9. Conditions of Goods Supplied

  • All implied conditions/warranties are excluded.

  • No liability for defects caused by wear and tear, misuse, accidents, or failure to maintain.

  • No liability for goods repaired or tampered with by the Buyer.

  • Liability for third-party manufactured goods is limited to the manufacturer’s guarantee.

10. Storage

  • A reasonable storage charge may apply if delivery instructions are not given within 14 days of request.

11. Transfer of Property and Risk

  • Goods remain the property of The Company until full payment is received.

  • The Company may enter premises to recover goods if unpaid.

  • Goods must be stored separately and identifiable until payment.

  • Buyer acts as fiduciary and holds proceeds of sale in trust until payment.

  • Goods are at Buyer’s risk from delivery.

12. Payment

  • Payment is due within 30 days of invoice without deduction.

  • The Company may suspend delivery, charge interest (2% above RBS base rate or 10%, whichever is greater), or retain goods if payment is not made or the Buyer becomes insolvent.

  • Buyer must pay in full even if goods are defective, subject to refund if arbitration confirms a price reduction.

13. Currency and Place of Payment

  • All payments must be made in GBP to The Company’s registered office.

14. Despatch in Lots

  • The Company may deliver in instalments, each treated as a separate contract.

15. Delivery Dates and Times

  • Delivery dates are approximate. Delays do not entitle rejection, cancellation, or damages.

  • Additional charges may apply for special delivery arrangements or deliveries outside 9am–5pm, Monday to Friday.

16. Buyer’s Duty to Take Delivery

  • Buyer must provide delivery arrangements and notice of changes.

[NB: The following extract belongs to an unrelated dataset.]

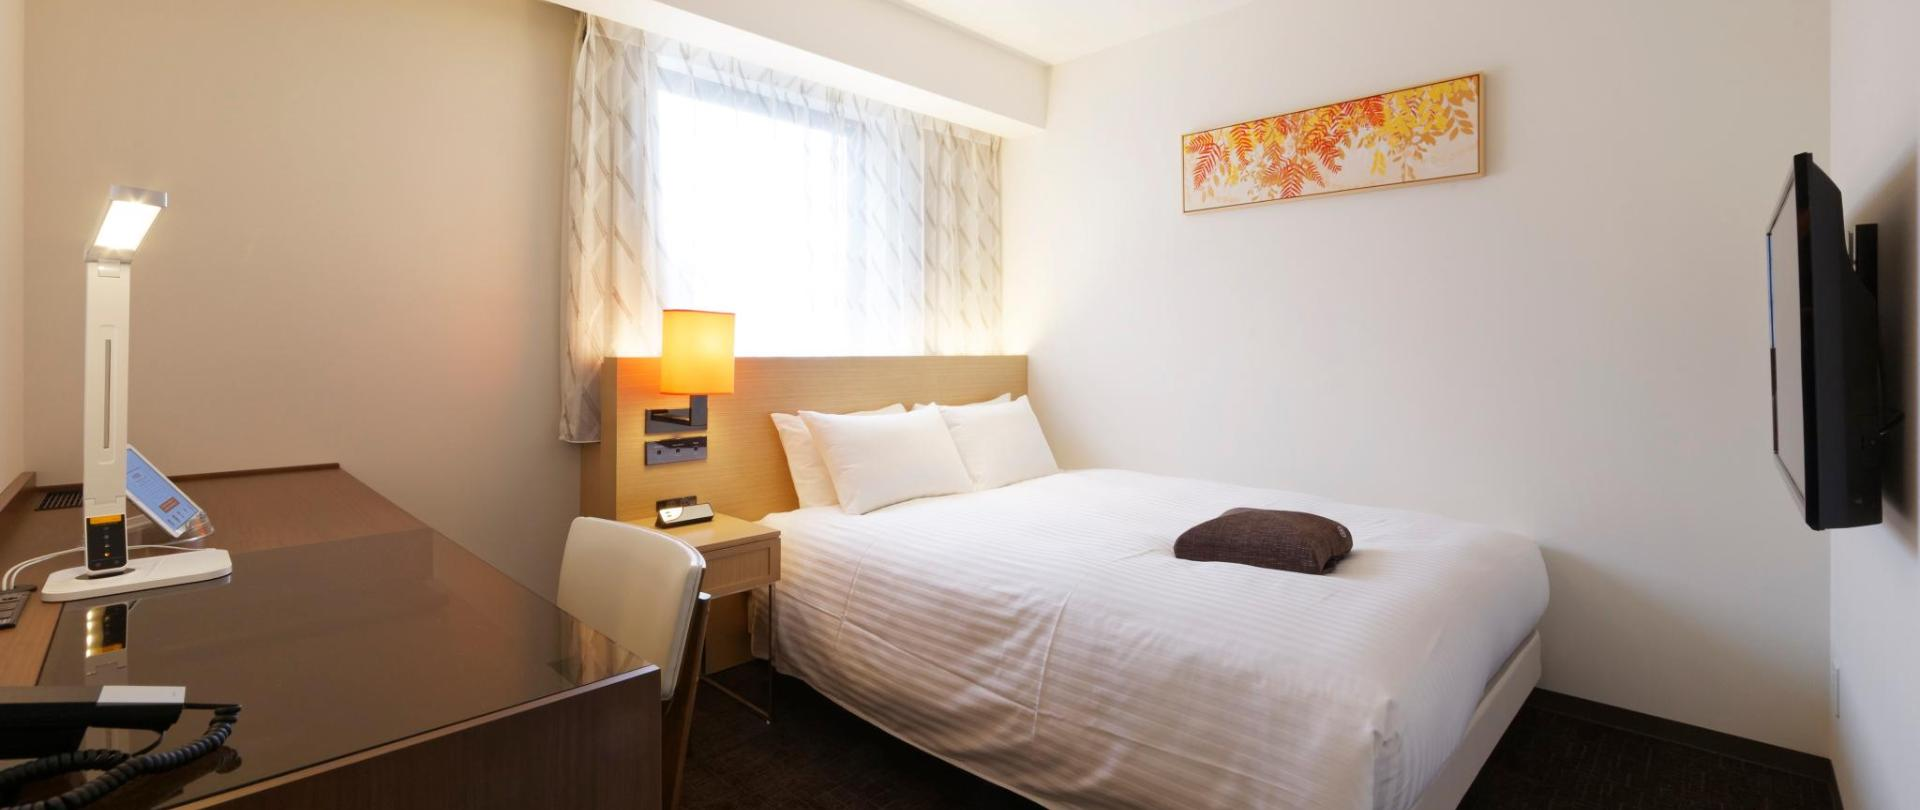 酒店極限競速Hakataeki Hakataguchi
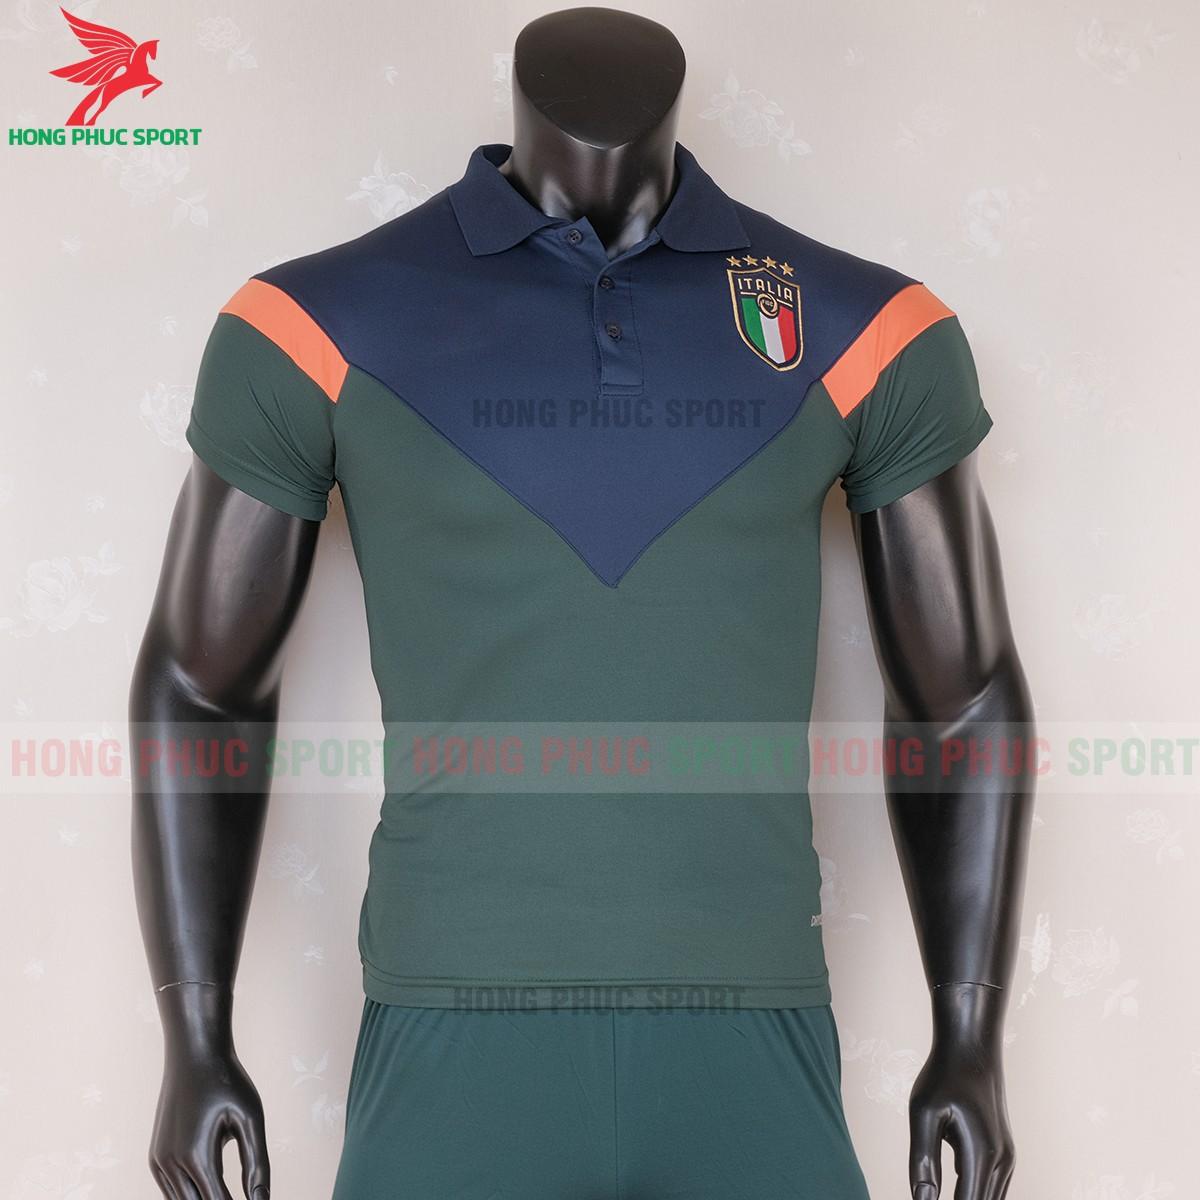 https://cdn.hongphucsport.com/unsafe/s4.shopbay.vn/files/285/ao-polo-tuyen-italia-2020-2-5f73e3b1a6037.png

  • If goods are not taken on time, The Company may suspend delivery, treat the contract as repudiated, or charge storage costs.

17. Cancellation

  • Orders cannot be cancelled without full indemnity to The Company, including:

    • Cost of work in progress

    • Expenses incurred

    • Loss of profit

  • Cancellation is not accepted for purpose-built goods.

18. Force Majeure

  • The Company is not liable for delays due to events beyond its control (e.g., war, natural disasters, industrial disputes, government actions). Buyer may cancel or allow order to remain pending.

19. Substitution

  • The Company may substitute materials or parts with suitable alternatives. If unavailable, obligations are suspended until available, with price adjusted accordingly.

20. Erection and Services

  • Buyer must:

    • Prepare the site and pay for modifications.

    • Provide access, labour, lifting gear, power, and services.

    • Pay unloading costs, customs duties, and related expenses.

    • Pay travel and other expenses for The Company’s staff.

    • Not interfere with goods until erection is complete.

    • Accept completion only upon written notice from The Company.

21. Sub-Contracting

  • The Company may subcontract manufacturing or performance.

22. Value Added Tax

  • VAT will be charged at the applicable rate for UK sales.

23. Overseas Sales

  • Buyer is responsible for import legislation compliance and duties.

24. Governing Law

  • The contract is governed by the laws of England.